# Collected material
- Opening Delimiter -

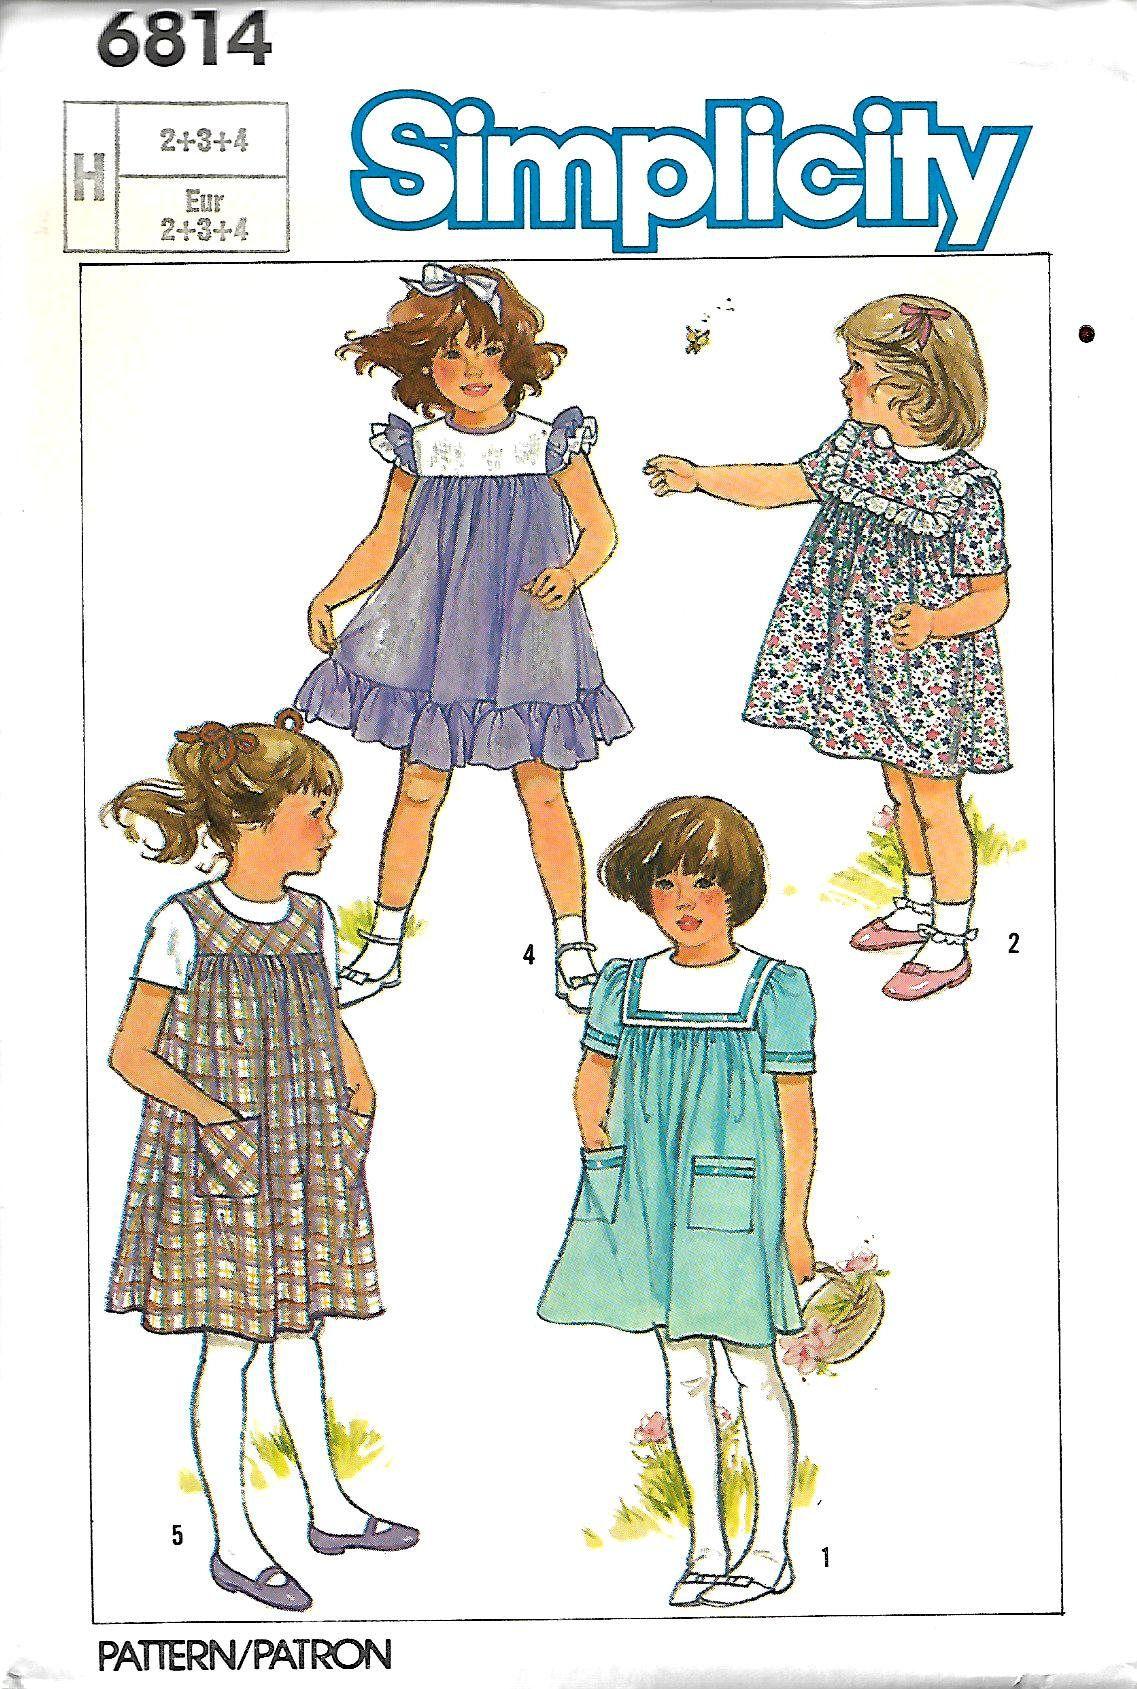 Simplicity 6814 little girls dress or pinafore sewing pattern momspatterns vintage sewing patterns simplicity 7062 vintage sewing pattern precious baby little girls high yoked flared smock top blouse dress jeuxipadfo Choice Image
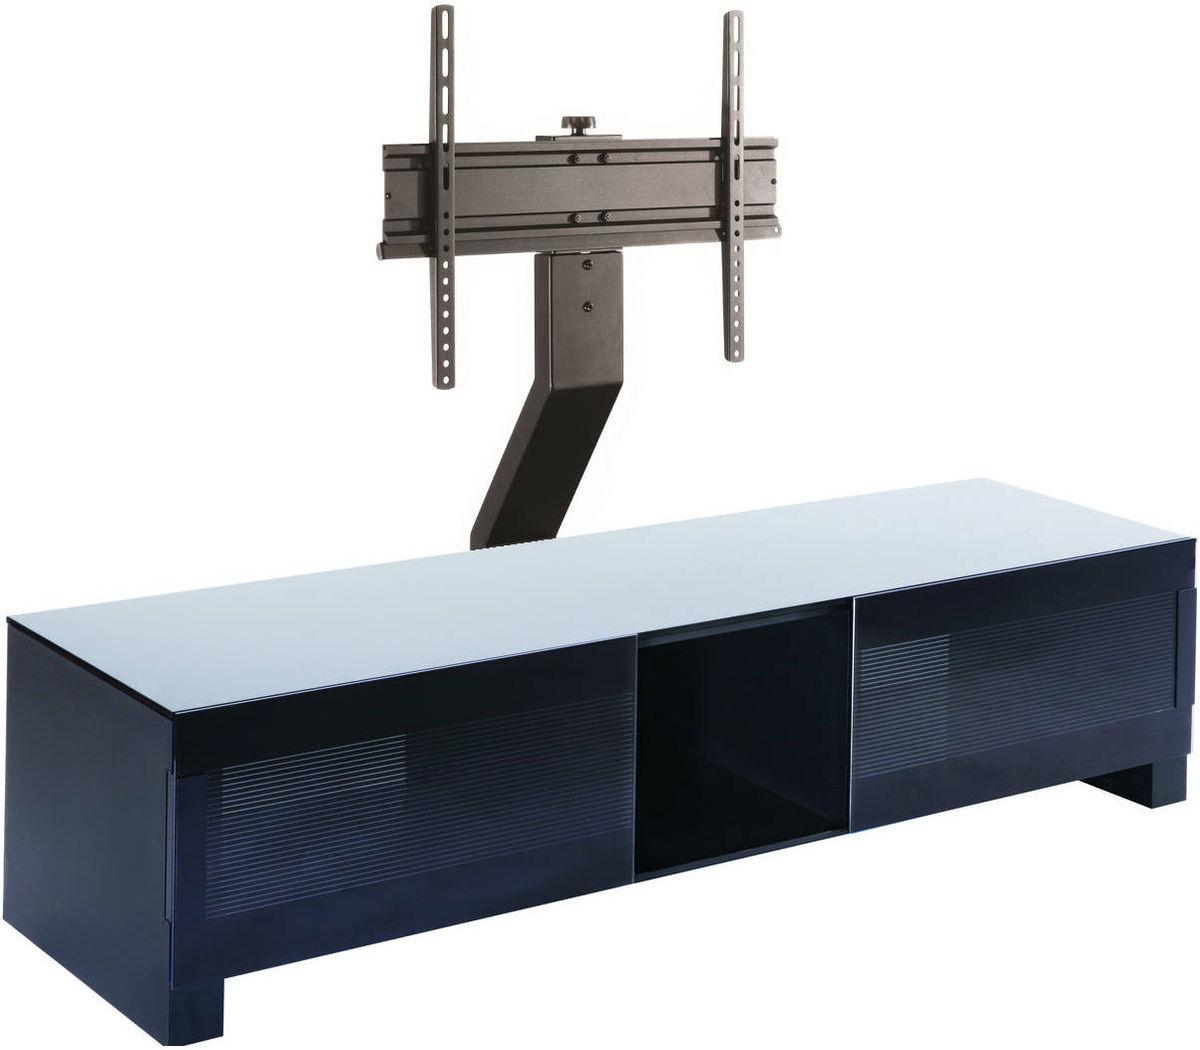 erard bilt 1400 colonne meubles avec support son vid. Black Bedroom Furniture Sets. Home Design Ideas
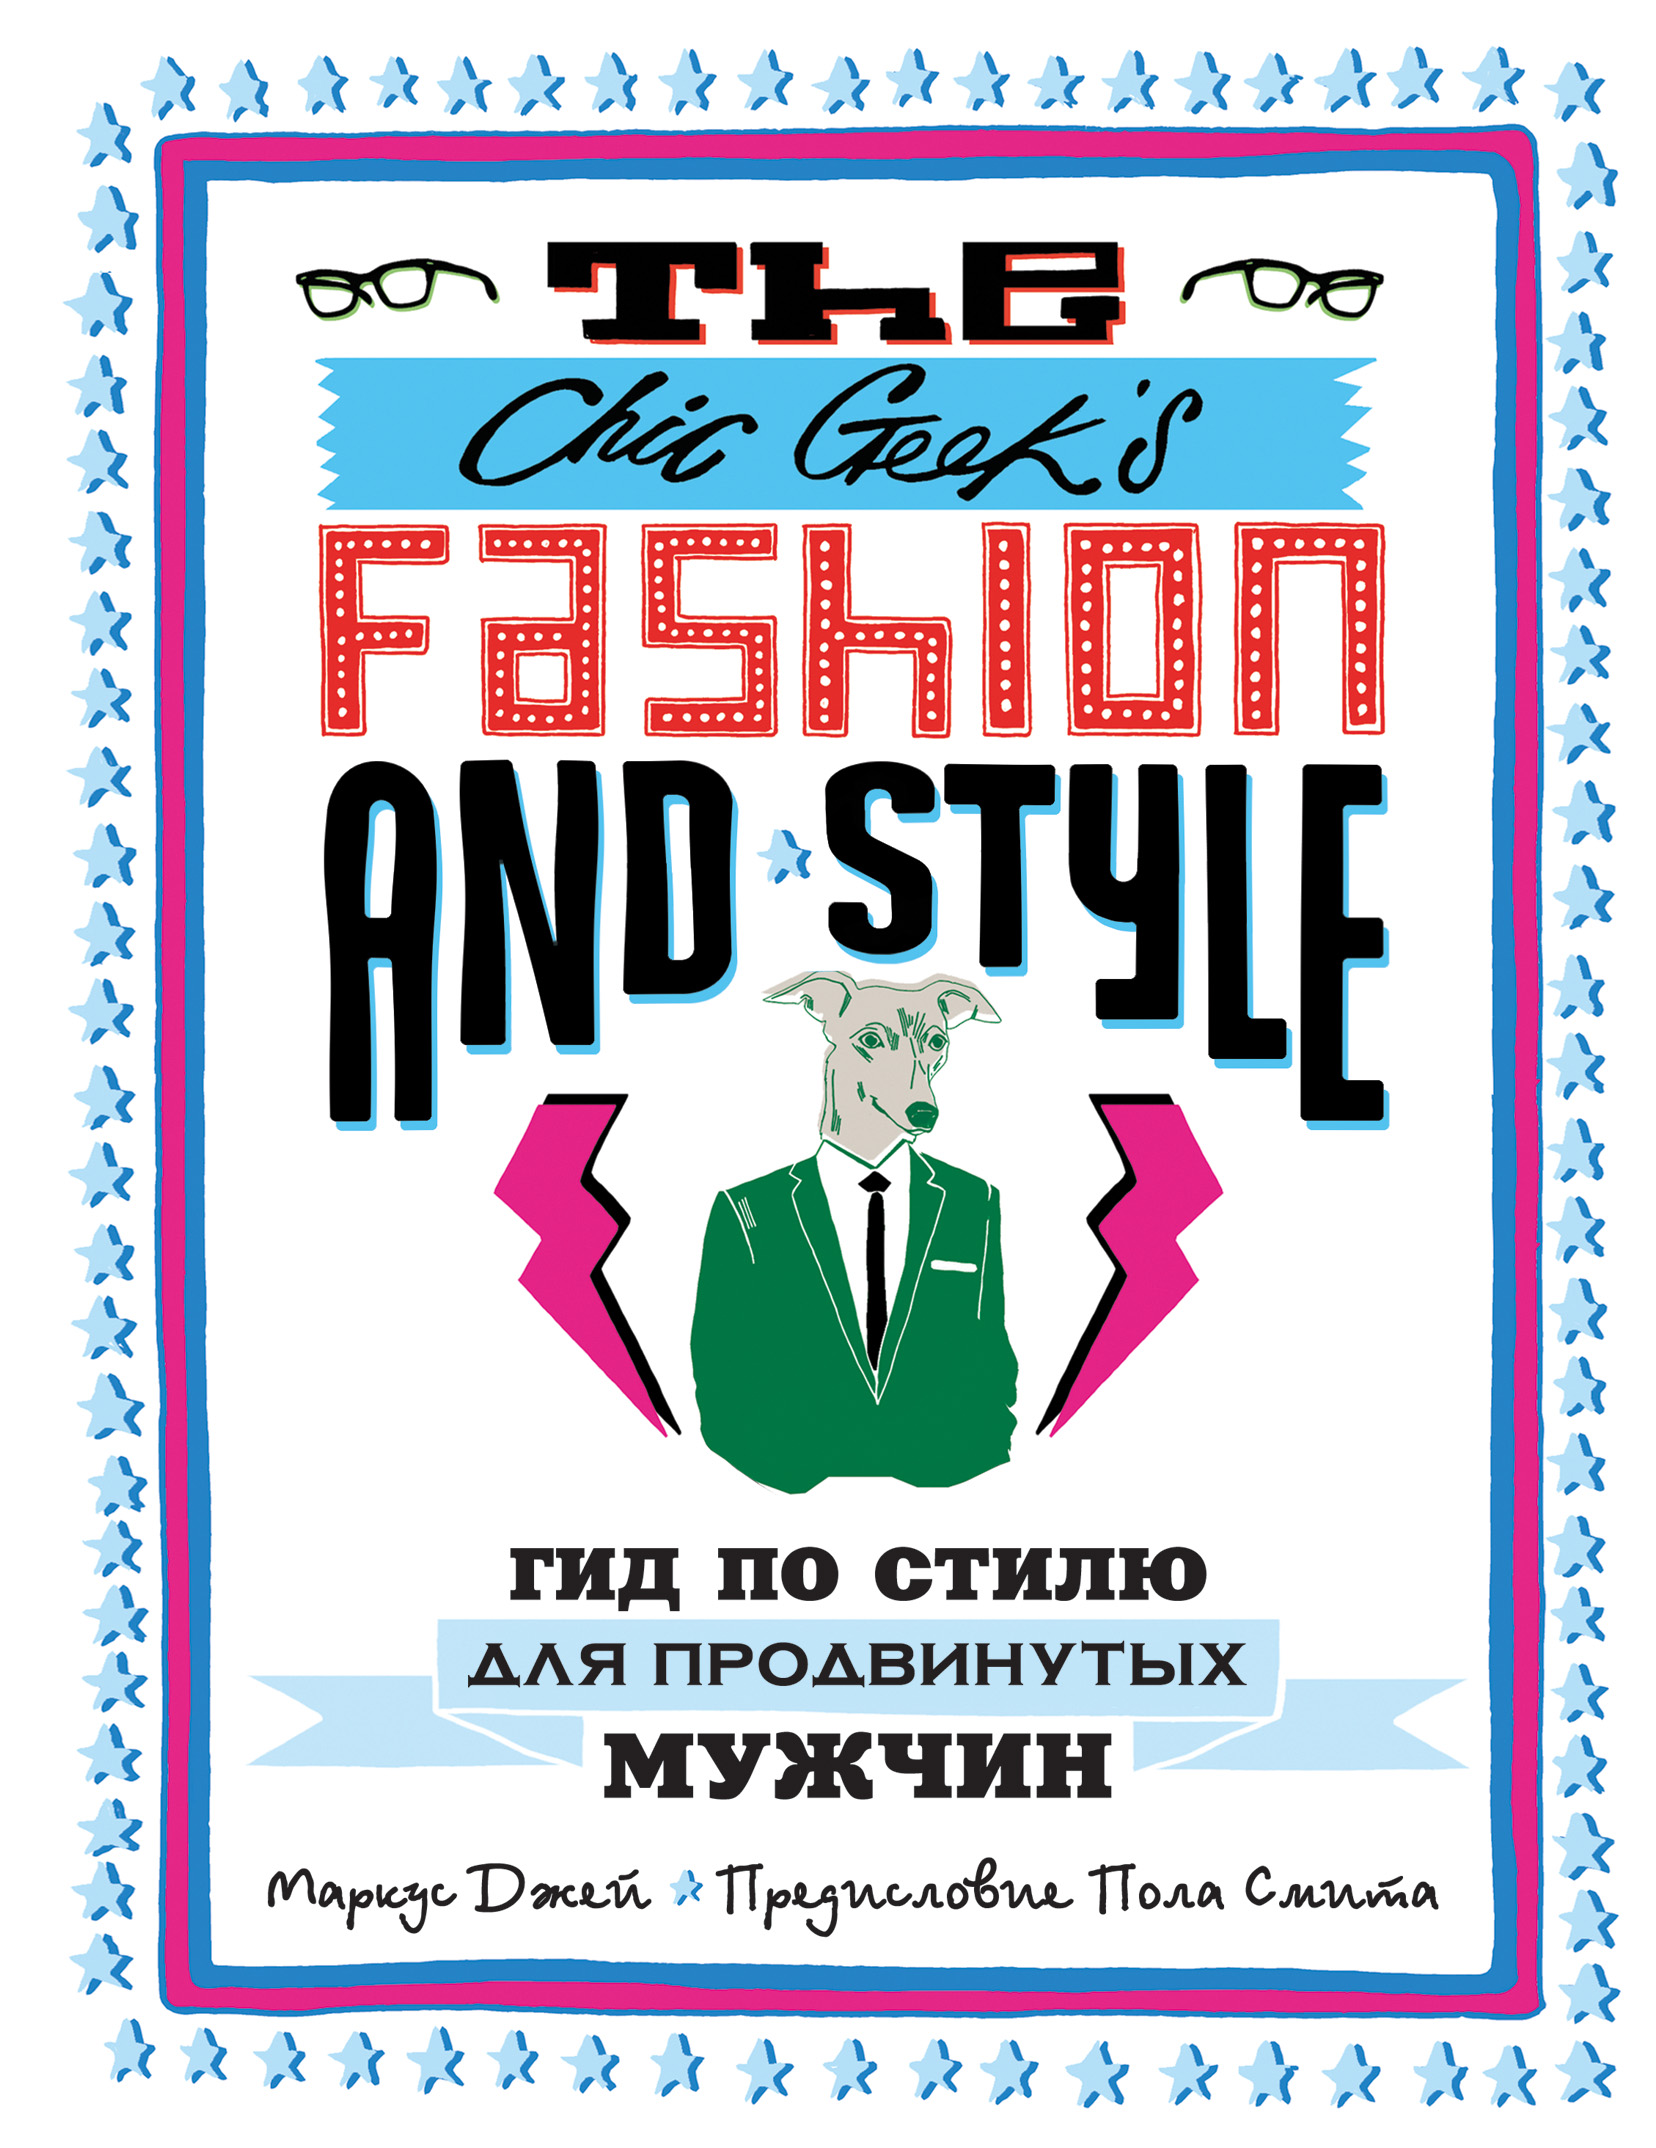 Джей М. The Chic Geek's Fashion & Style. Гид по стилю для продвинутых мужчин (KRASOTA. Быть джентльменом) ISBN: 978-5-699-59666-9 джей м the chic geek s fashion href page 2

- Closing Delimiter -

# What you will do
Each line of the data above should be reproduced without alteration, and no picture should appear in the copy.

# Output for this task
 Simplicity 6814 little girls dress or pinafore sewing pattern momspatterns vintage sewing patterns simplicity 7062 vintage sewing pattern precious baby little girls high yoked flared smock top blouse dress jeuxipadfo Choice Image
 erard bilt 1400 colonne meubles avec support son vid. Black Bedroom Furniture Sets. Home Design Ideas
 Джей М. The Chic Geek's Fashion & Style. Гид по стилю для продвинутых мужчин (KRASOTA. Быть джентльменом) ISBN: 978-5-699-59666-9 джей м the chic geek s fashion href page 2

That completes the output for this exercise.